Membuatnya Tertimpa Kesialan

531 71 8
                                    

"Hujan sudah reda." Suara Hera memecah keheningan sejak Zavion memperkenalkan diri tapi tidak mendapat tanggapan dari gadis secantik dewi ini.

Zavion berdiri lalu membenahi pakaiannya setelah itu berjalan menuju pintu belakang lalu membukanya, benar hujan sudah berhenti.

Hanya menyisakan rintik yang tidak akan membasahi diri.

Sebelum pergi Zavion berbalik, "terima kasih atas tempat berteduh, maaf kalau membuatmu tidak nyaman." Hera yang berdiri tidak beberapa langkahnya hanya mengangguk kecil.

Zavion mengeluarkan sesuatu lalu memberikannya pada Hera, "jangan salah paham, aku tidak biasa berhutang." Hera menatap benda yang di pegang Zavion.

"Anda tidak berhutang apapun. Setelah hujan biasanya bebatuan menjadi licin, perhatikan langkah anda agar tidak tergelincir."

Zavion tersenyum kecil, "terima kasih atas perhatianmu. Untung kau memberi tahu, aku punya kebiasaan tidak memperhatikan jalan. Terimalah pemberianku ini, kau bisa menggunakannya suatu hari, benda ini akan kembali padaku setelah kau meminta bantuanku."

Zavion menambahkan, "apapun bantuan yang kau inginkan, akan kuberikan. Tidak terkecuali." Dua kata terakhir di ucapkan Zavion dengan sedikit penekanan.

"Kalau kau tidak menerimanya, aku akan tetap berdiri disini." Zavion melihat ketidak percayaan dari sorot mata gadis cantik dihadapannya ini.

Cukup lama Hera berdiri ditempatnya lalu akhirnya mengambil nenda yang ternyata cincin giok berwarna hijau. Tampak sangat berharga tapi pria didepannya justru memberikannya begitu saja.

"Cincin itu selalu kubawa kemanapun, simbol keberuntungan. Kembalikan padaku kapanpun kau membutuhkan bantuan, aku harap kau bisa menjaganya dengan baik."

Kening Hera sedikit mengkerut lalu menyodorkan kembali cincin tersebut, "aku tidak bisa menerimanya."

Zavion menggeleng, "tidak apa, aku percayakan padamu."

"Aku tidak butuh bantuan apapun." Tegas Hera meyakinkan Zavion.

"Setiap manusia butuh bantuan manusia lain meski hanya sekali." Setelah itu Zavion pergi begitu saja. Meninggalkan Hera dengan tatapan piasnya.

Tapi dia tidak benar-benar pergi, dibalik batu besar bersembunyi sampai mendengar suara pintu gubuk Hera tertutup rapat. Dia menghela napas panjang sambil menatap penuh perasaan.

Gubuk yang Hera tinggali termasuk aman walau tidak layak ditempati.
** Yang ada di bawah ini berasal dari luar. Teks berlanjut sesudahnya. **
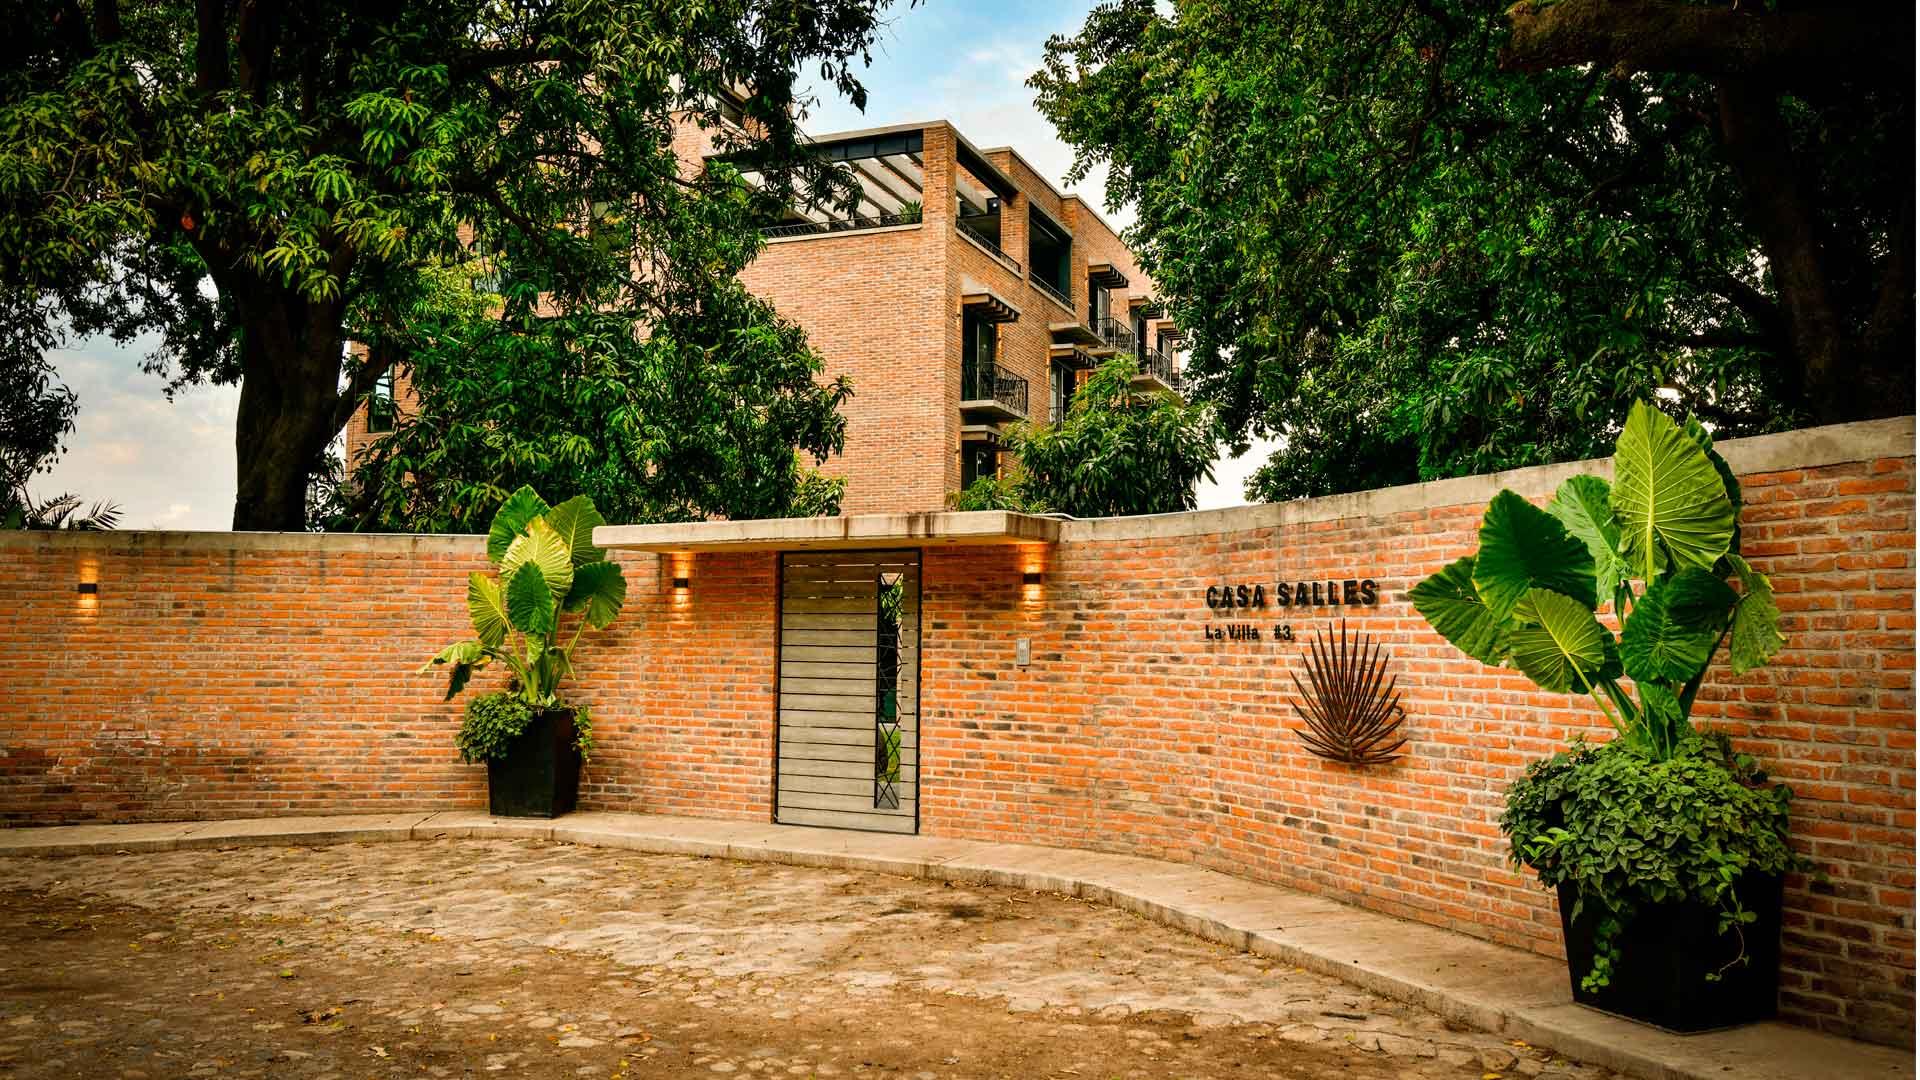 Tequila estrena hotel boutique: Casa Salles

Tapi seaman-amannya tempat ini tetap saja bahaya bisa datang kapan saja, terutama hewan melata dan buas.

'Orang gila macam apa yang membiarkan seorang gadis tinggal ditempat seperti ini?' Batinnya. Tentu dia tahu siapa orang tersebut.

Didalam rumah Hera duduk dalam keadaan melamun sambil memegang cincin giok itu dengan erat, seperti sedang menggenggam harapannya.

Tidak lama kemudian dia menyimpan benda tersebut kedalam wadah dimana perlengkapan rajutnya tersimpan.

**
Entah seberapa besar Hera membangun rasa keberaniannya saat ini. Yang jelas dia harus melangkah hari ini, menghadap pria itu untuk memohon sesuatu.

Walau akhirnya dia tahu seperti apa tapi harus mencobanya. Langkah kecilnya berlari menuju kastil, seluruh pekerja yang dilewatinya semua menjauh, takut tertimpa kesialannya.

Hera melihat keberadaan kepala pelayan yang sedang menerima tumpukkan surat dari perugas gerbang kastil. Polo lalu menoleh dan mengernyit kearah Hera yang bergegas kearahnya.

"Kau boleh pergi," ucap Polo pada penjaga gerbang yang langsung menuruti perintahnya. Semua pekerja berada dibawah kendali Polo.

"Tuan, aku ingin bertemu tuan Edmund." Polo melihat keberanian dan ketakutan bersamaan dari sorot mata Hera.